Daniel Song: No, thank you, Dr. Ballas, for inviting me. Title of my presentation is Long-term Toxicity and Patient Reported Quality of Life After Prostate IMRT With or Without Biodegradable Balloon Rectal Spacer: Analysis of a Pivotal Randomized Trial.
Some disclosures.
The overview of our study is that this was a pivotal study to test the safety and efficacy of a biodegradable balloon spacer in prostate cancer IMRT. This was, again, multicenter randomized subject-blinded phase three study. There were 222 subjects enrolled with a two-to-one distribution between balloon and control. At 16 different sites, and these were both academic and private. IMRT was either given as moderately hypofractionated or conventional, and it was done at physician discretion per center.

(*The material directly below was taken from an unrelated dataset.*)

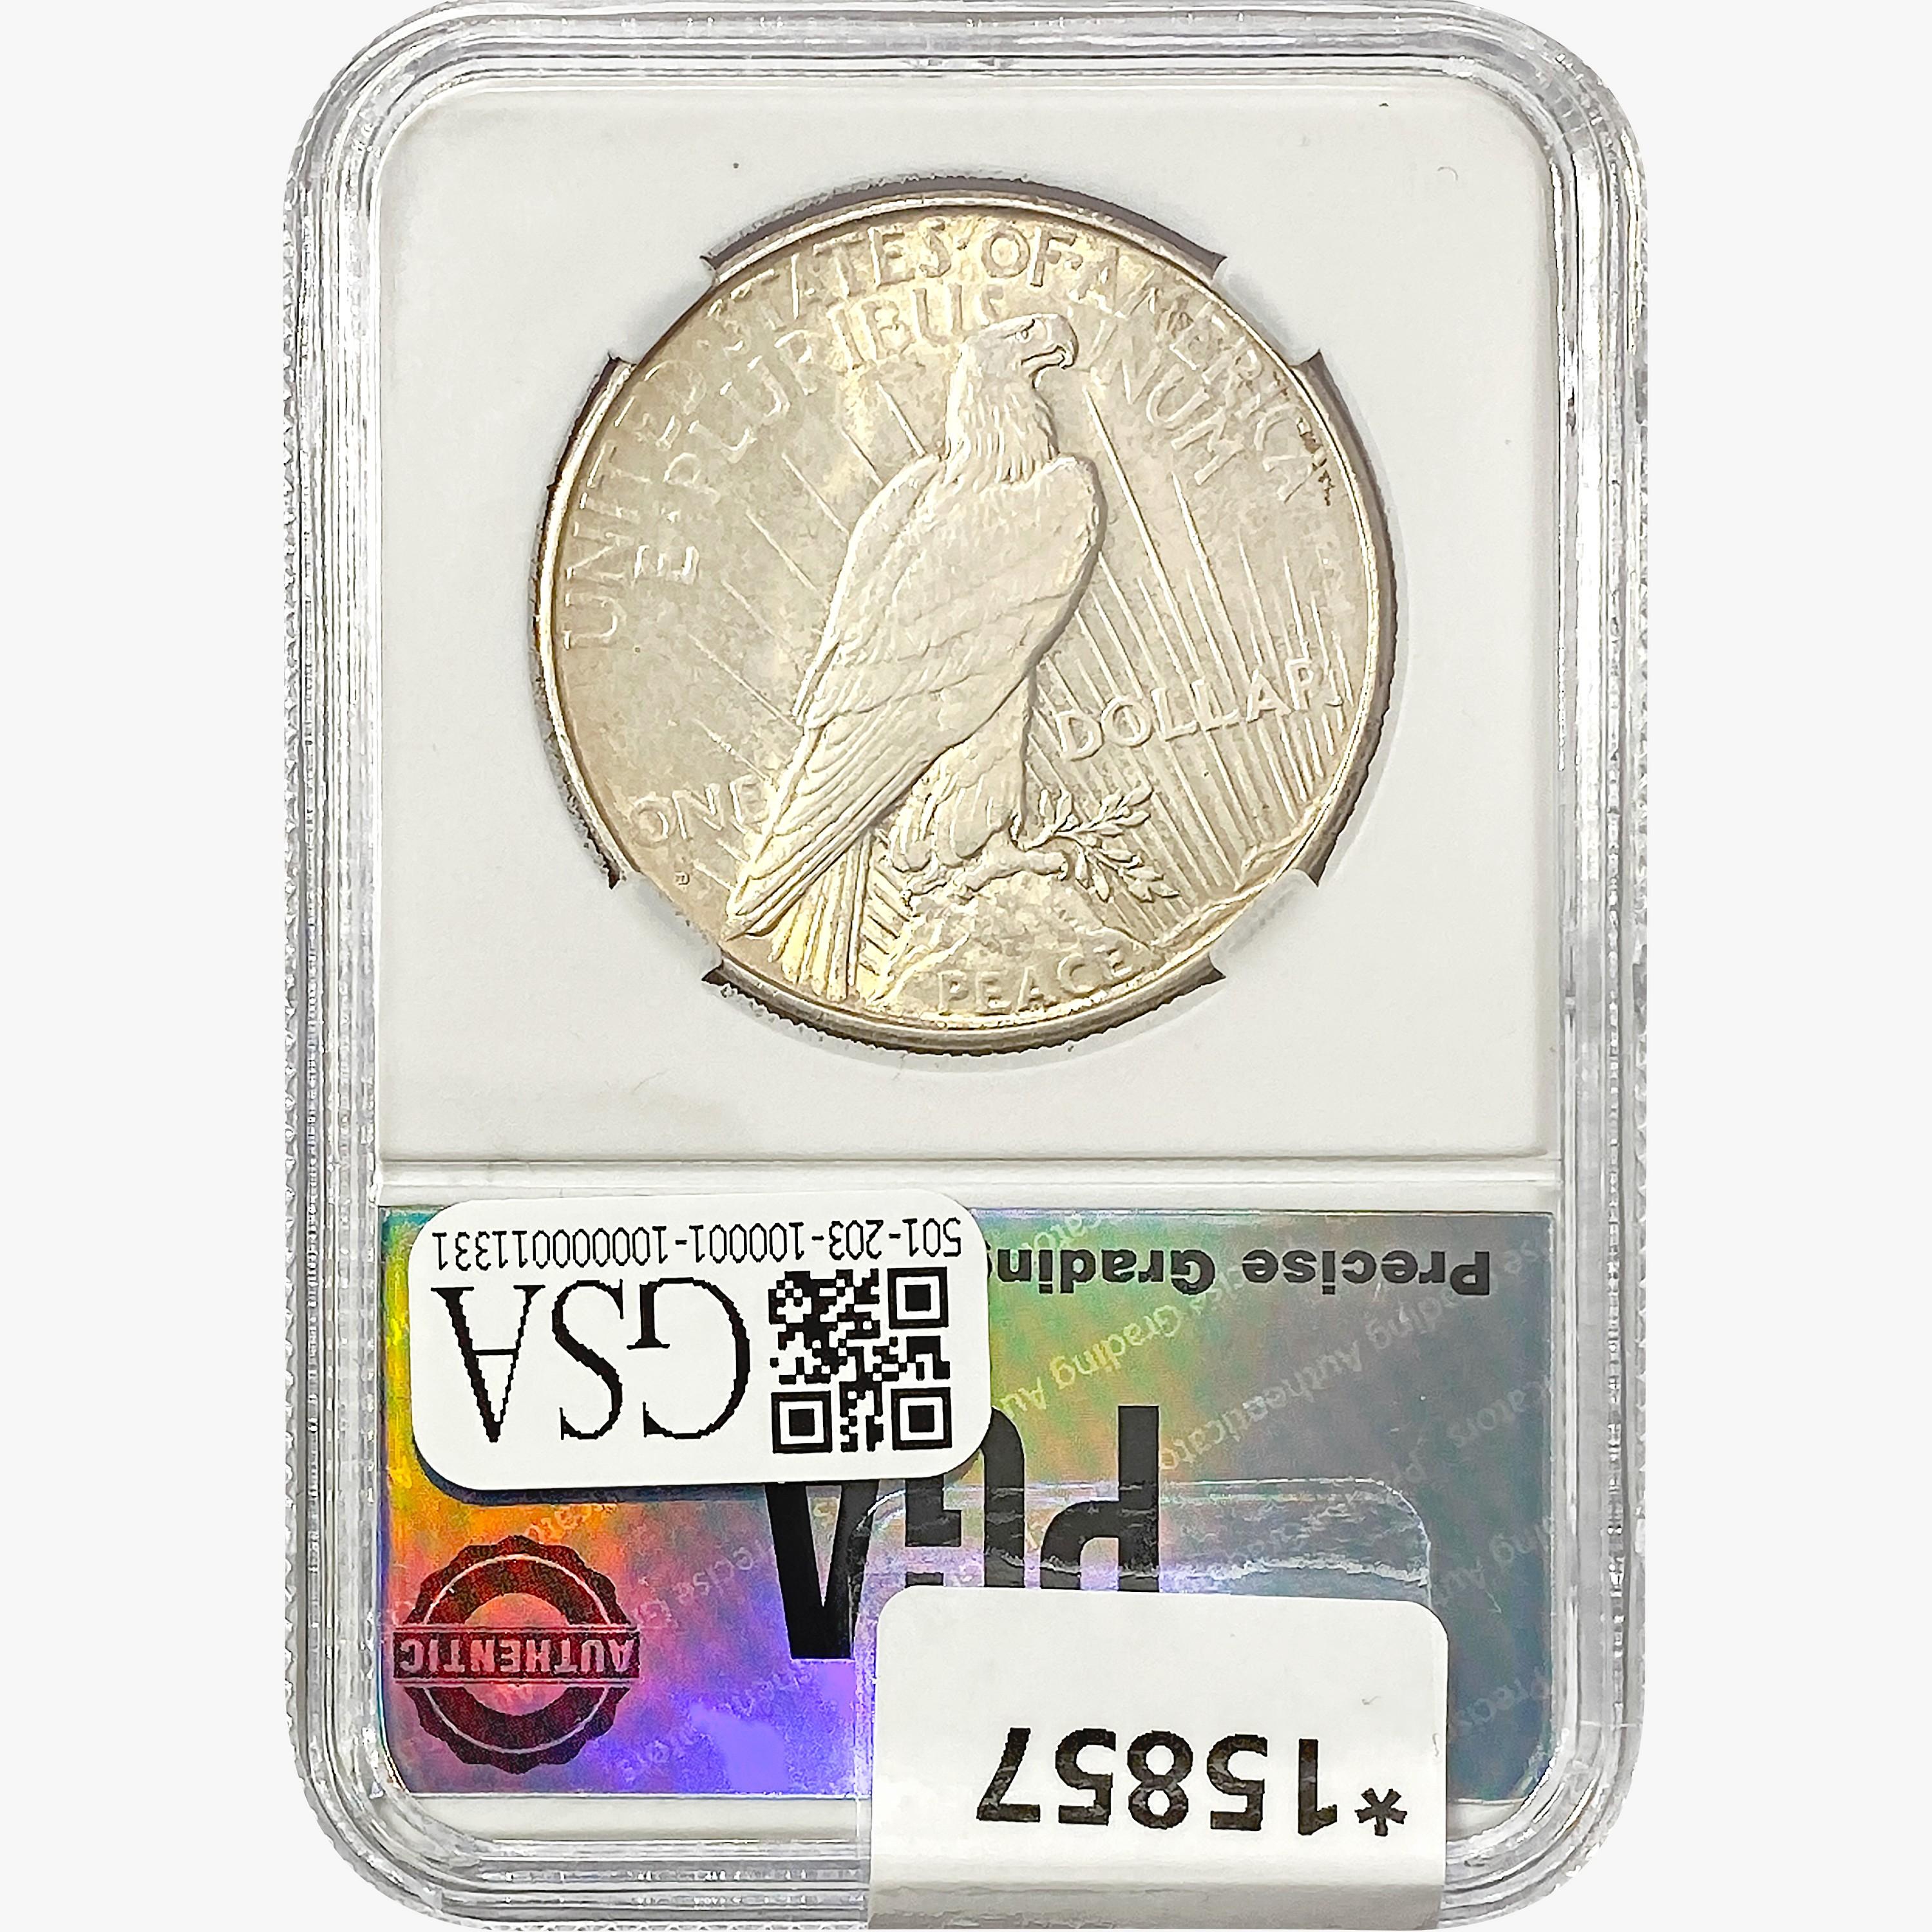 1934-D Silver Peace Dollar PGA MS64+
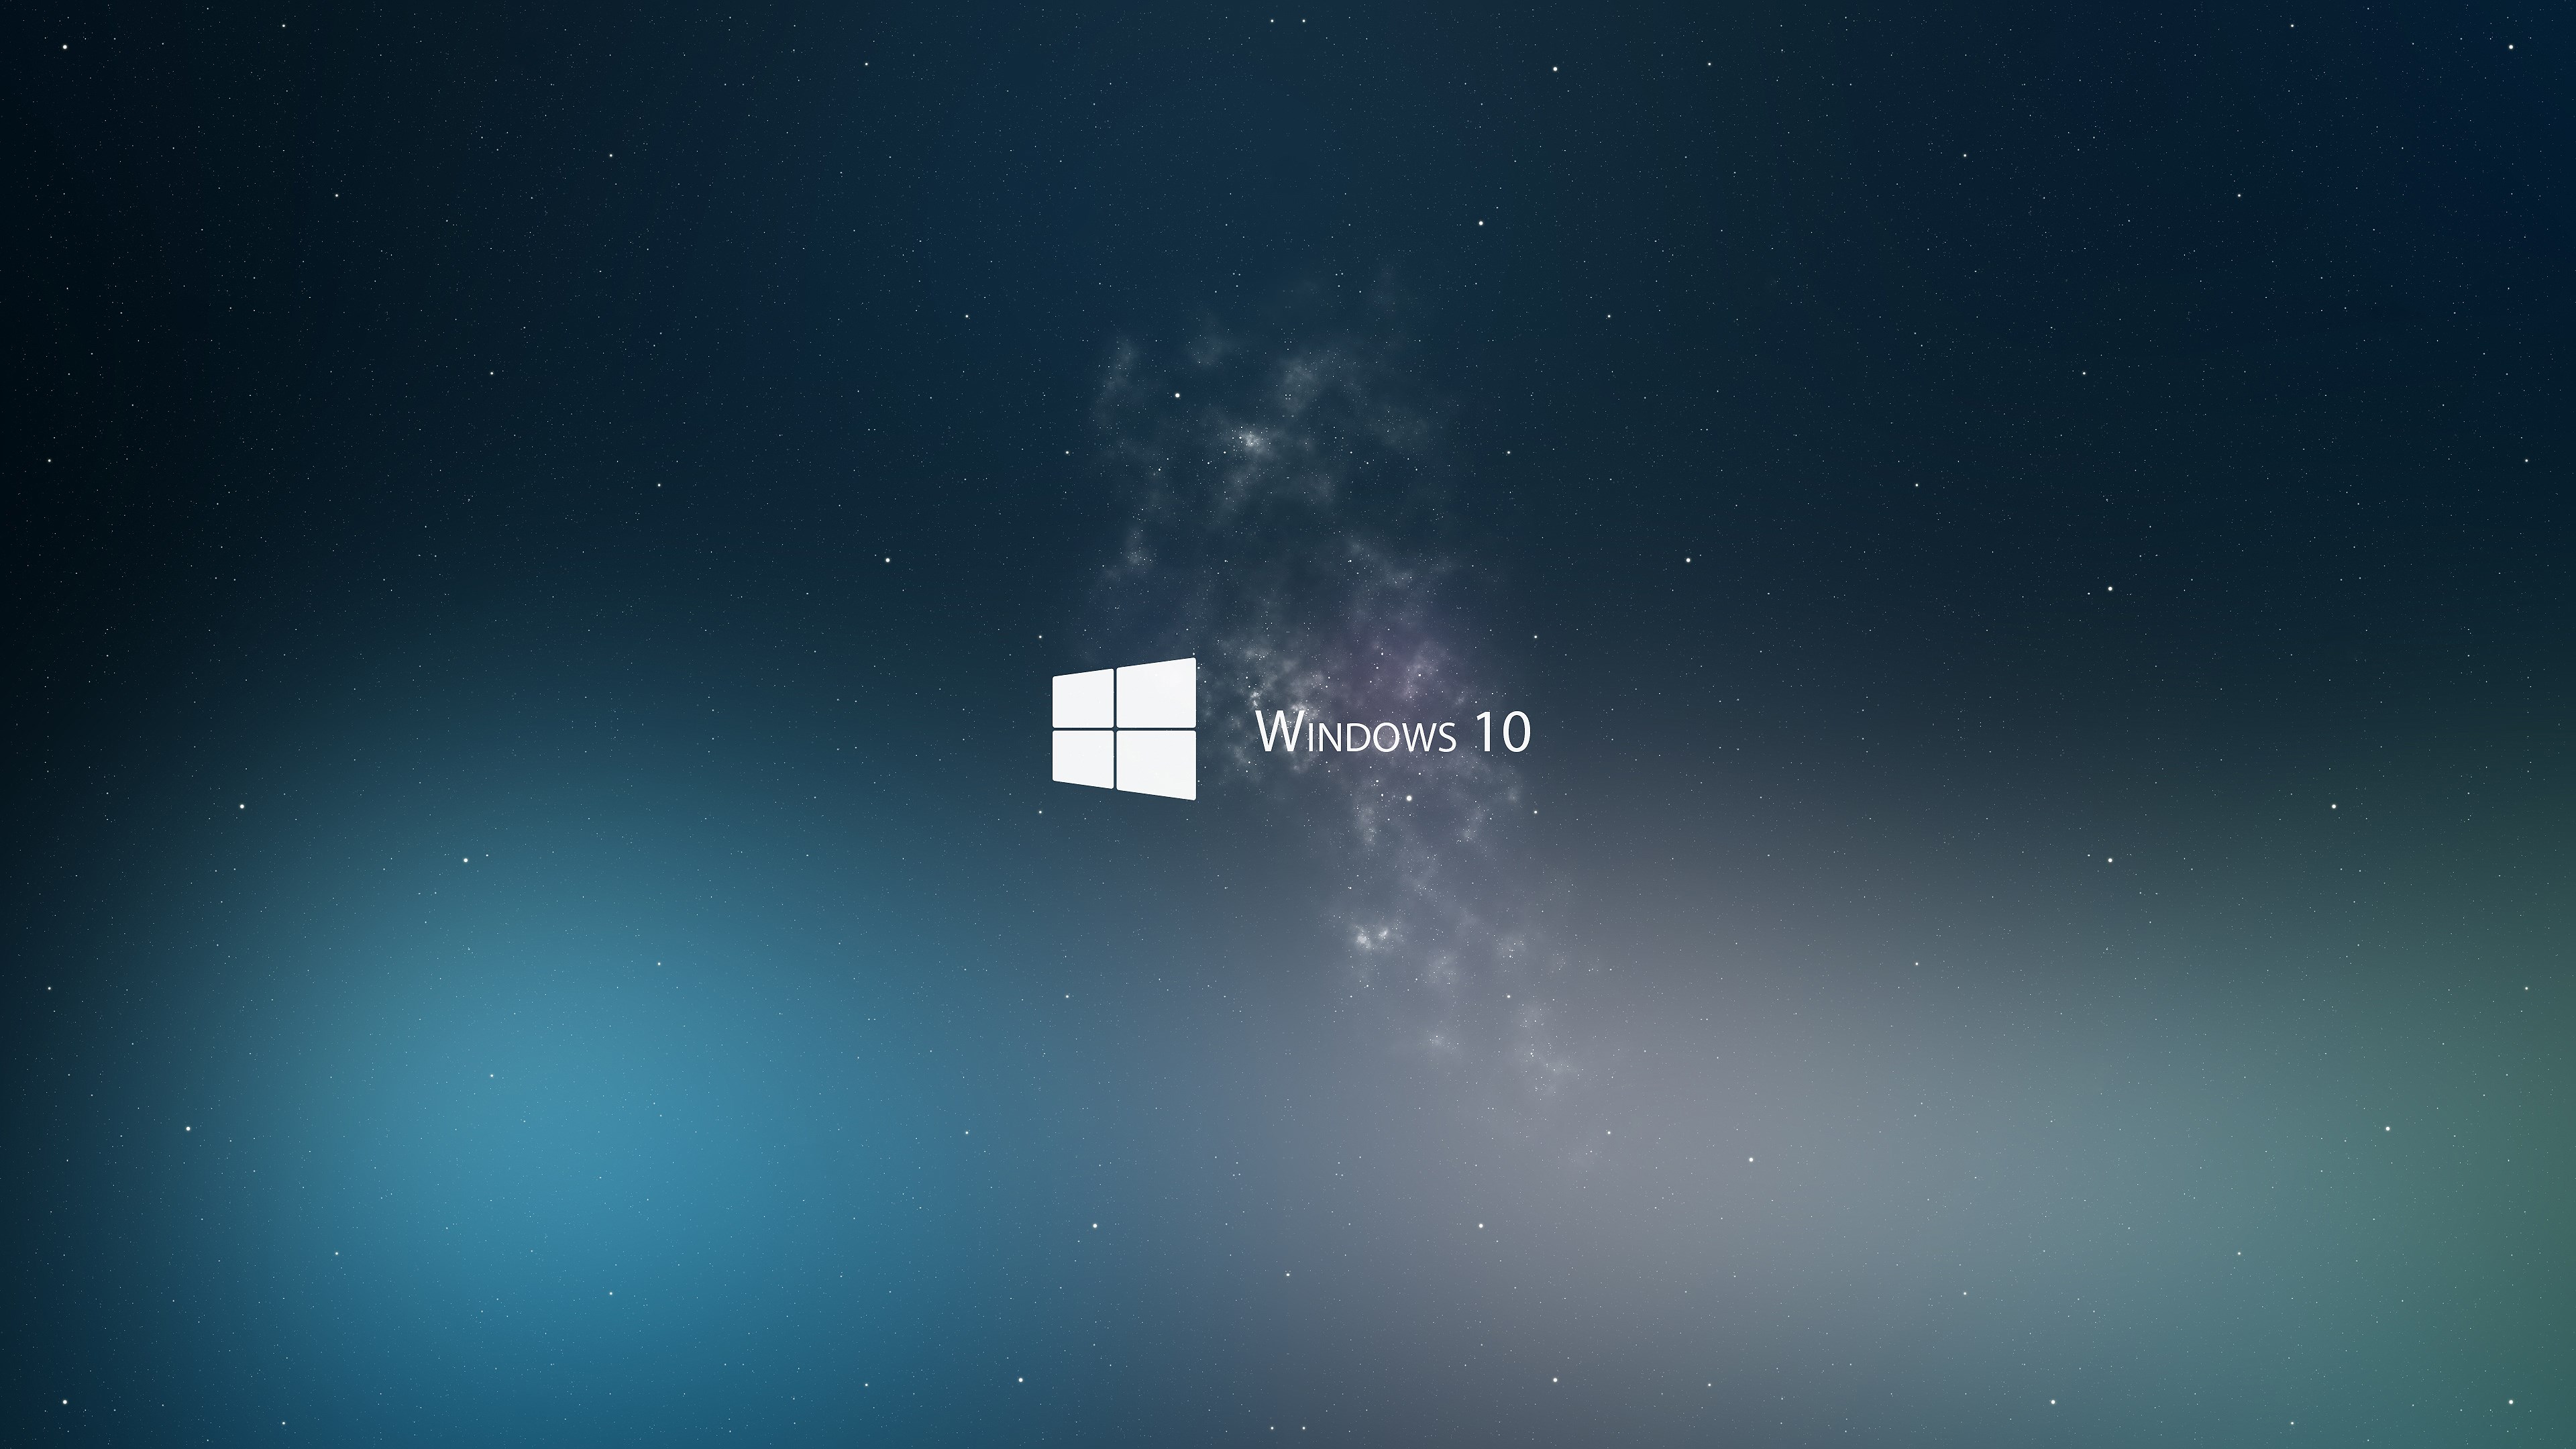 Windows 10 4K Wallpapers   Ultra HD Top 15 AxeeTech 3840x2160

And the initial co-primary endpoints were safety and efficacy. The efficacy was looking for a greater than 25% reduction in the rectal V70 in more than 75% of the balloon receiving subjects. And then the safety endpoint was to demonstrate non-inferiority in rectal and procedure-related adverse events, so basically confirming that these patients did not have any more adverse events than their counterparts who did not get the balloon.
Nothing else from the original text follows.